Achtelbuscher: (lacht) Das ist der Preis, den man zahlen muss, wenn man über Monate geholfen hat, Spalten und unendliche Talkshowstunden zu füllen. Die SZ hat ihn jetzt tatsächlich den „Pechvogel des Monats“ genannt, aus meiner Sicht eine zynische, menschenverachtende Formulierung, die mir recht bösartig zu sein scheint. Dass „seine Warnungen vor einer Sommerwelle“ nun „verhallen“, wie es da hieß, ist doch nicht seine Schuld, er tut doch immer noch, was er kann. Nur hört ihm eben keiner mehr zu und es werden nicht mehr ganze Felder von Mikrophonen in seine Richtung gestreckt. Eine ganz übliche Erscheinung, die in der Endmoräne jeder  Erfolgsgeschichte so auftaucht.

PPQ.li: Der Held verblasst, wenn das Blitzlicht sich auf einen anderen richtet. Aber welche Chance hat denn der normale, mehrfach problembegabte Nachrichtenkonsument, für sich selbst eine Einordnung der aktuellen news zu finden, wenn ihm unisono nur Monothematik angeboten wird?

Achtelbuscher: Ich warne davor, das zu versuchen. Wie ich schon beschrieben habe, ist der Mensch in seinem Normalzustand talentiert, wenn es darum, Probleme zu lösen, die sich ihm unmittelbar stellen.  Das können dann auch mehrere gleichzeitig sein oder sehr drängende oder auch existenzielle.

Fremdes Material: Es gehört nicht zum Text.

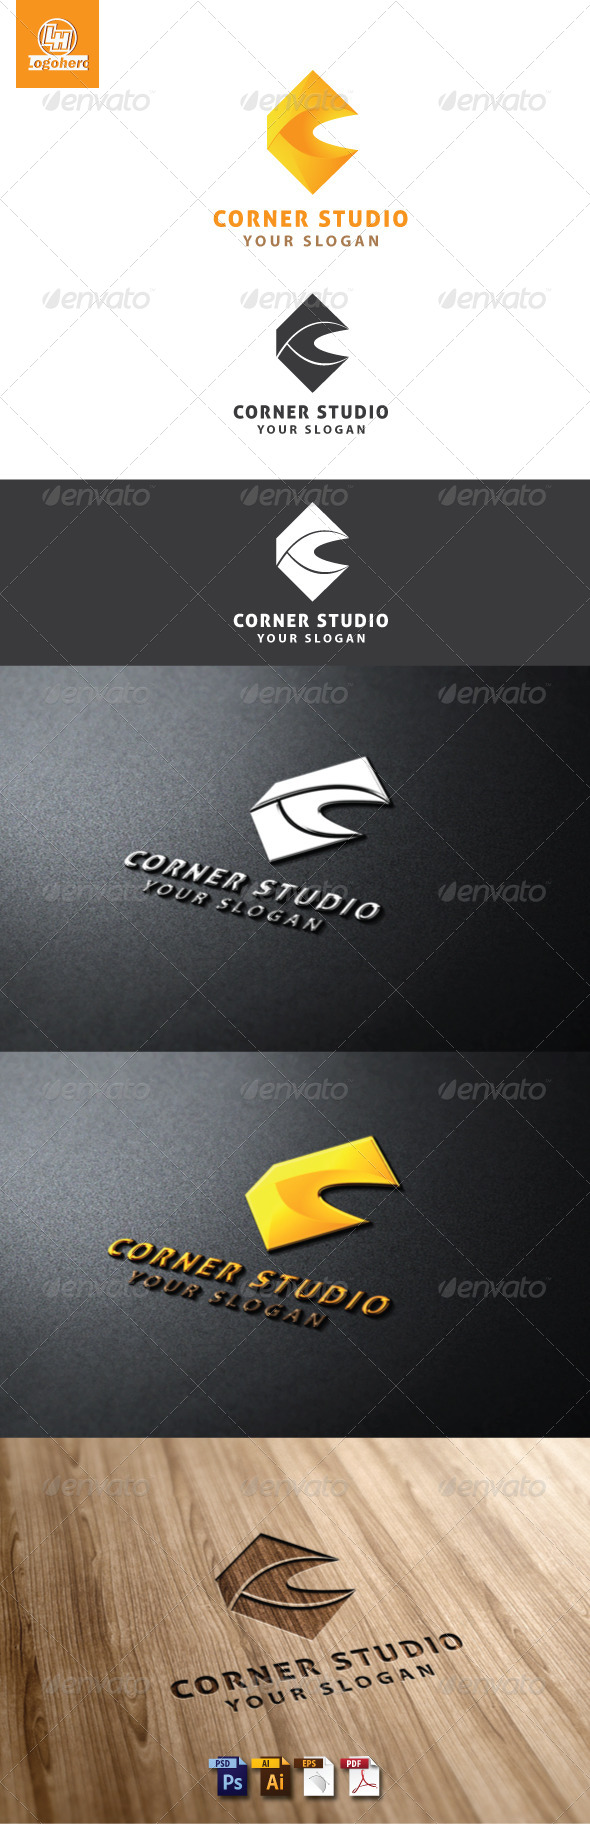 Corner Studio Logo Template

Man müht sich, tut was, kümmert sich, strengt sich an, manche gehen auch einfach ins Bett oder betrinken sich, bis es vorüber ist. Medienprobleme sind allerdings eben anders, sie haben eine fast vollständig theoretische Struktur. Sie und ich, wir können keinen Frieden machen in der Ukraine, nicht durch frieren und und nicht durch schwitzen, nicht durch schlafen, wachen oder irgendetwas machen. Statt nach Einordnung zu suchen, müssten wir uns genaugenommen dahingehend polen, dass wir emotionalen Abstand halten. Genau das aber ist uns als sozialen Wesen nahezu unmöglich, wir müssen und wollen mitleiden, mitbangen.

PPQ.li: Ihren Forschungsergebnissen zufolge ist es vorbei, wenn es vorüber ist, und vorüber ist es erst, wenn man sagen kann, es vorbei, ist das in etwa Ihre Einordnung?

Achtelbuscher: Richtig. Ich will damit nicht dazu auffordern, nicht für den Frieden zu frieren oder über die hohen Preise zu schimpfen, weil das auch nichts nützt. Ich will nur verdeutlichen, dass Nachrichtensendungen Teil der Unterhaltungsindustrie sind, in denen wir uns das Gefühl abholen, nah dran zu sein an einer möglichen Lösung, an die wir glauben oder wir ablehnen können, die uns aber in jedem Fall betrifft, weil es auf unsere Ansicht dazu ankommt. Hier liegt ein Grundirrtum, den ich aber begründet sehe in einer ganz fürchterlichen Tyrannei der Gegenwart über den Rest der Zeit. Immer ist jetzt das Wichtigste, weil das ewige Versprechen lautet, dass es besser und gut werden wird, wenn das erst überstanden ist. Dabei hat schon Gottfried Benn festgestellt, dass Sterben heißt, dies alles hier ungelöst zu verlassen. Daran kann man sich eigentlich recht schön orientieren.